The database lists Mallinckrodt subsidiary SpecGx as the maker of just over 2 billion pills that were shipped to Florida. Nationwide, the company would produce 28.9 billion pills during the years covered by the database -- more than 80 for each person in the country.

After the meeting with DEA officials, Mallinckrodt briefly reduced shipments, Boockholdt told the Post.
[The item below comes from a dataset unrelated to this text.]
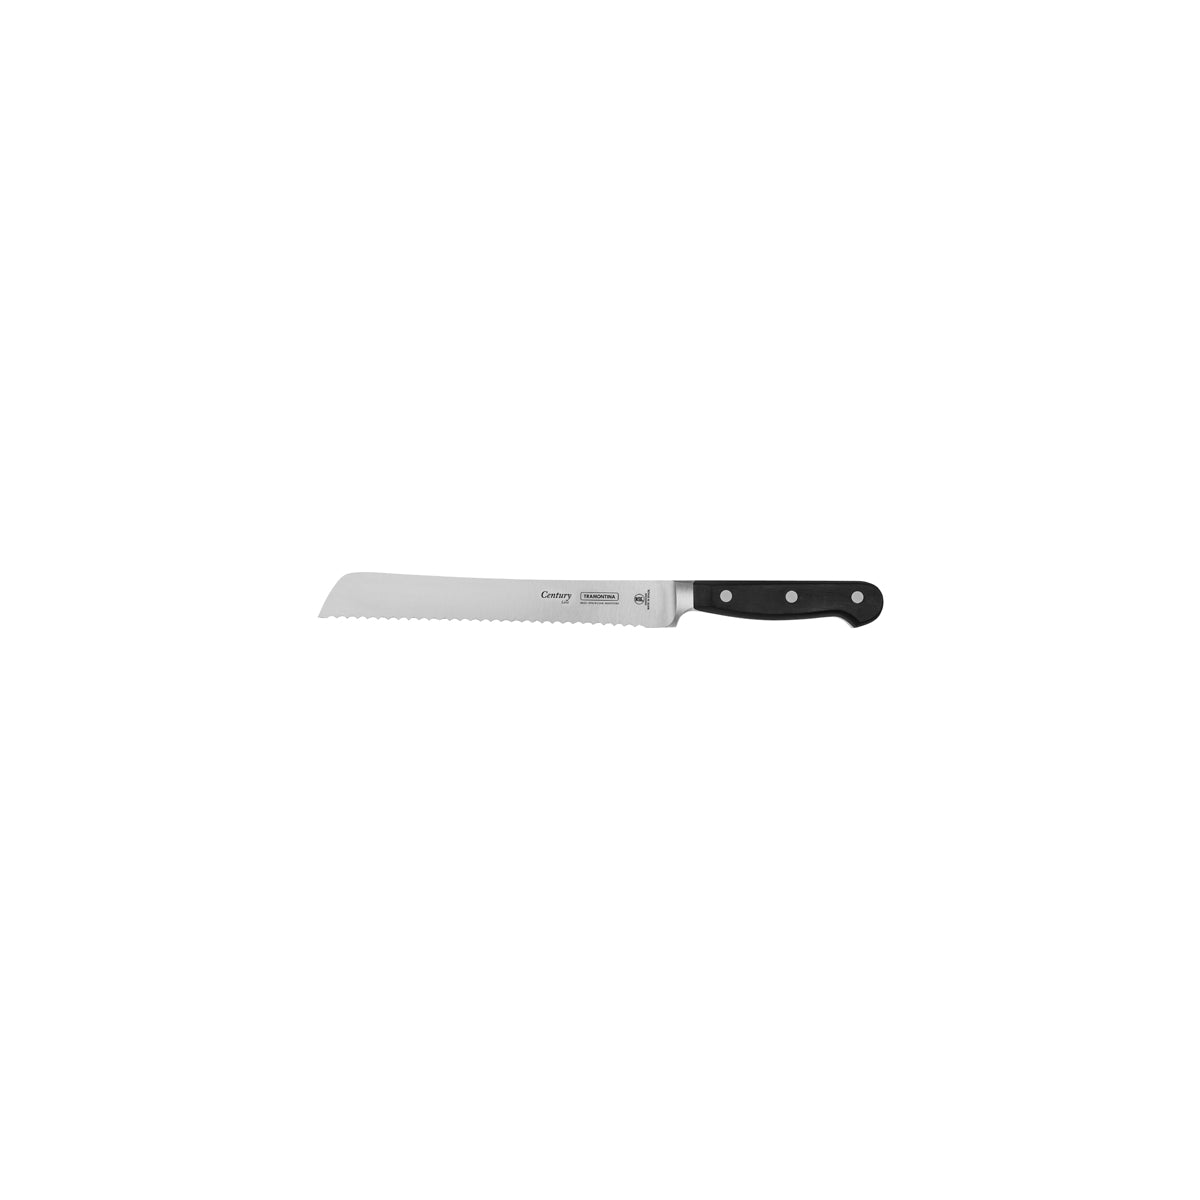 TM24009/108 Tramontina Century Bread Knife Serrated Blade with Forged Handle Black 203mm Tomkin Australia Hospitality Supplies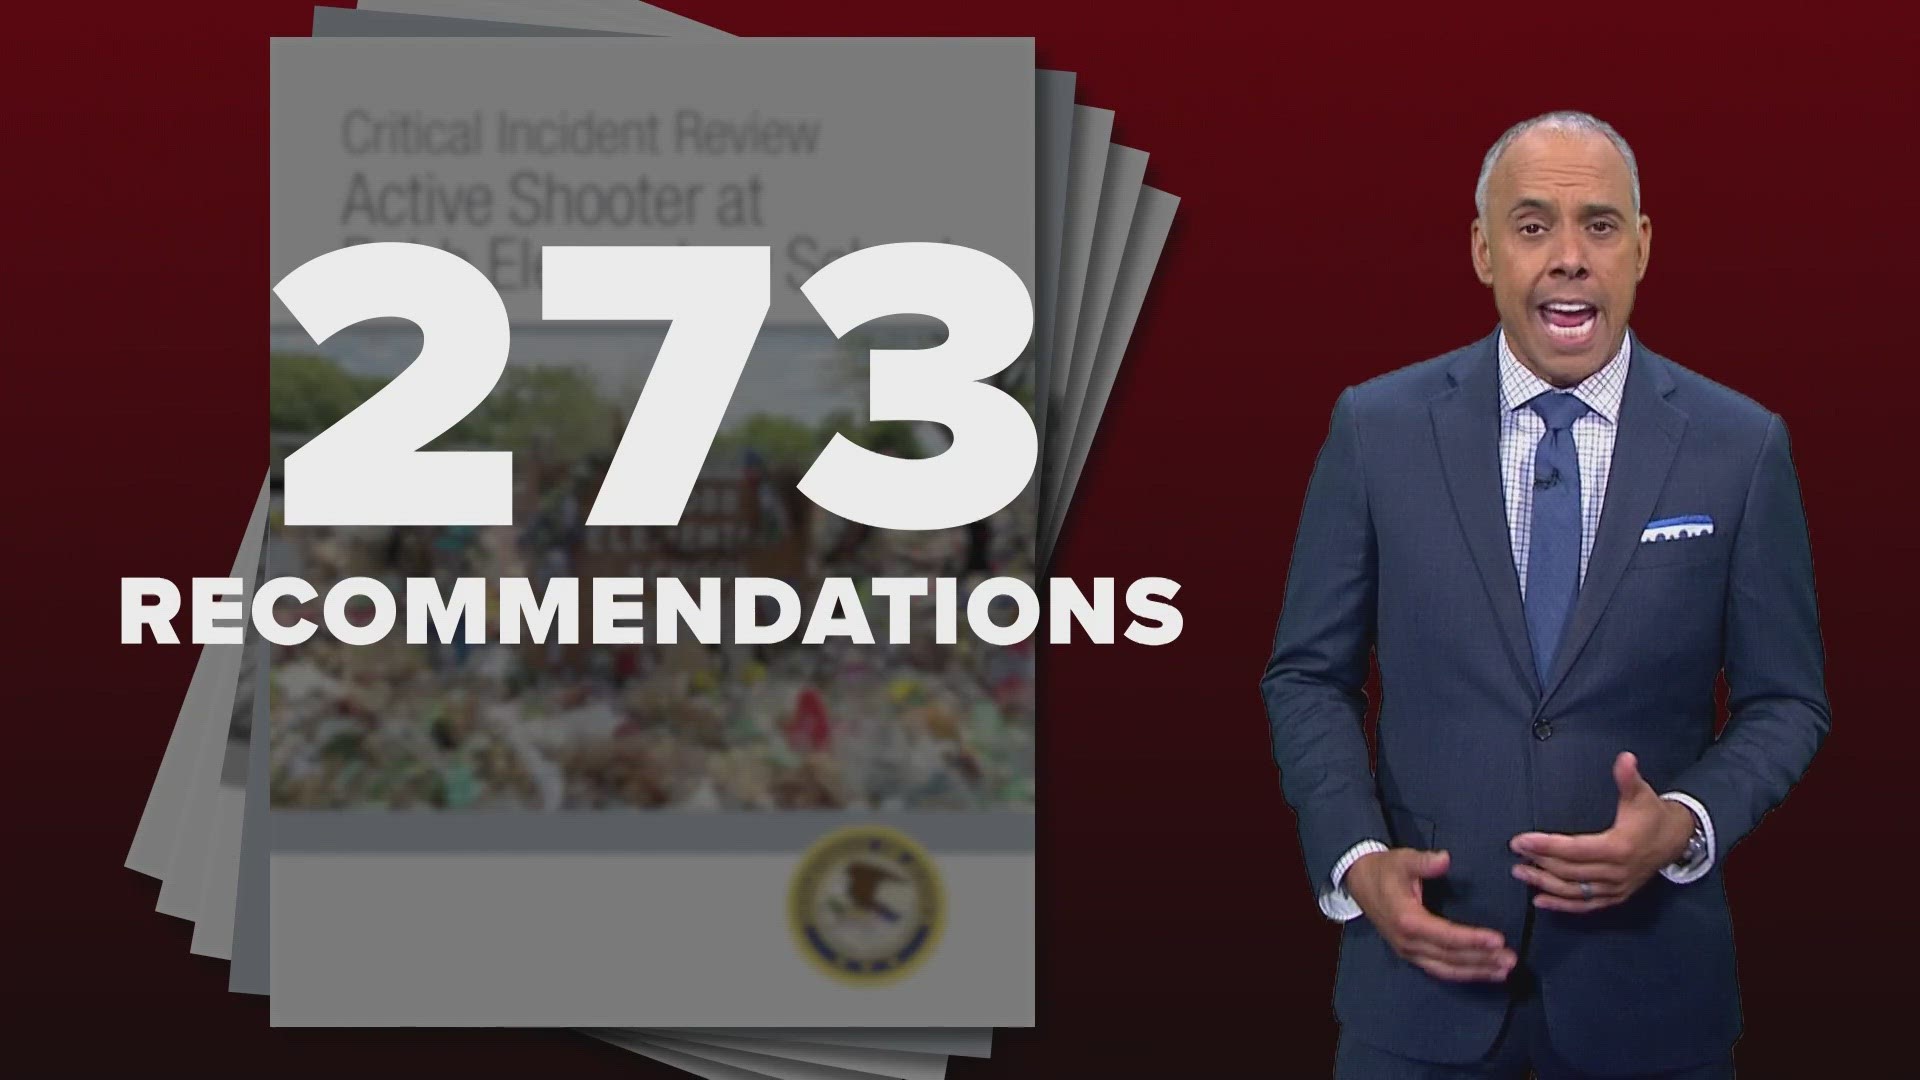 The report listed 273 recommendations for law enforcement, including adopting national standards for confronting an active shooter.

The company also notified more than 40 of its distributors that they would no longer receive rebates if they continued to supply specific pharmacies whose orders were deemed suspicious.

But Mallinckrodt's output of opioid pills soon ramped back up, Boockholdt said.

At the time, Mallinckrodt also was failing to shore up its own system for tracking suspicious orders, according to recently released documents, which the company had fought to keep sealed.

Karen Harper, a senior manager for controlled-substance compliance, testified in a deposition that she told her superiors in 2008 that Mallinckrodt was not capable of detecting suspicious orders and that its systems needed to be upgraded. But company executives decided against hiring an outside vendor to help detect such orders, she said.

The company's outside spokesman, Daniel Yunger, said Mallinckrodt declined to comment for this article.

The other large manufacturer of generic opioids listed in the database, Par Pharmaceutical, did not even have a system to detect sales orders that had the hallmarks the government associated with drug diversion, according to an outside auditing firm whose reports were made public last week.

"There is no Suspicious Ordering Monitoring System in place," the auditors wrote in May 2010, referring to a reporting mechanism required by the DEA.

"A program must be instituted based on customers' sales volumes, seasonal fluctuations, etc., with a firm statistical analysis as the basis for such a program," wrote the auditors from the firm BuzzeoPDMA.

Par did not act on that advice for years, records show. Instead, employees inside Par's sales department were responsible for monitoring orders, according to company documents and an executive at Par's current parent company, Endo Pharmaceuticals.

As late as 2015, though, the outside auditors still had concerns about Par's oversight of opioid sales. The auditor noted that federal regulators might take issue with the company's method for vetting orders.

Information for this article was contributed by Steven Rich, Alice Crites and Julie Tate of The Washington Post.